My nute bills started at almost 5 bills a month Futuregarden, then switch to GH droped it to 3 bills a month, However after learning from my Yoda (Sproutco RIP) to make my own I spent 400 bucks 4 months ago and I bet I can go another 3 months before reordering again so Now my nute cost are down to less then 75 bucks a month!!!!!!!

AND

The girls LOVE IT! I noticed a differance the first week! I would NEVER go back to buying water agian. I buy Humic and seaweed in dry form also.
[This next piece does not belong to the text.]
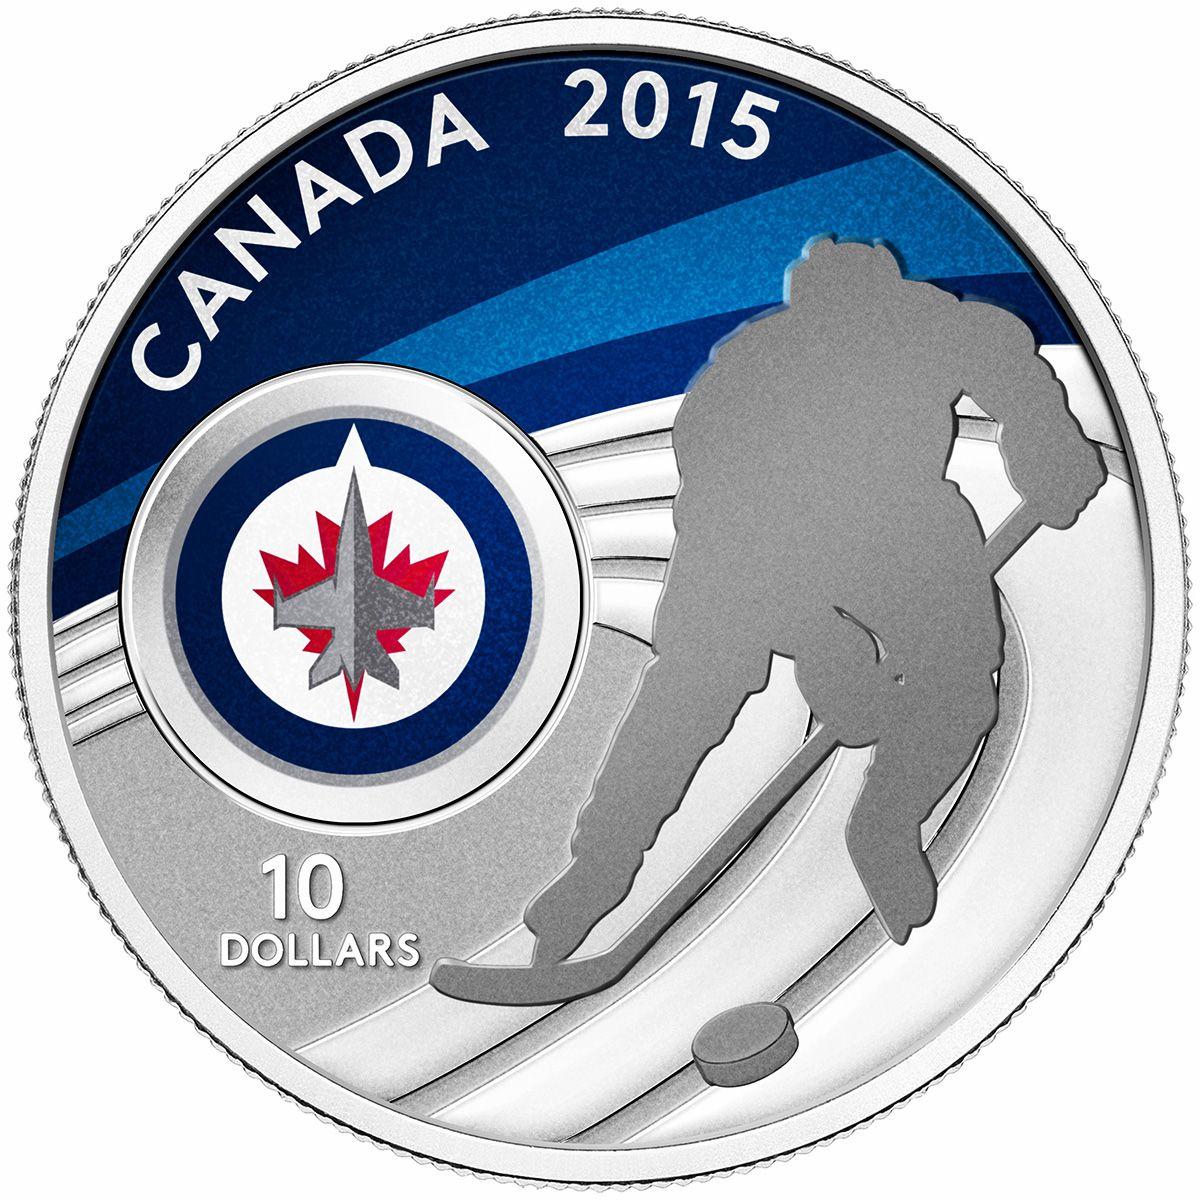 NHL Jets Logo - $10 Fine Silver Coin Jets. Royal Canadian Mint Coins

I make my own PH up and DOWN! But at the new place I dont need either! Since switching to my own nutes most of my ph fluctuation went away.

SPring water is the key! The girls love it. Of course this is out in the sticks so I am lucky that way.

Keep on studing thats what its all about. I laugh at these poor souls that are making the Hydro companys rich, But someone has to pay for all that advertising! Just not me! :wave:
 
B

bipotato

Anyone make their own Cal-Mag+? Looks like it might be easy enough.

I'm curious what the difference is between Botanicare's Cal-Mag+ and Technaflora's MagiCal, which I like better. For some reason Botanicare's CM+ seems "gritty" and I feel the need to mix it real well each time, whereas the MagiCal is perfectly clear and more "synthetic-like".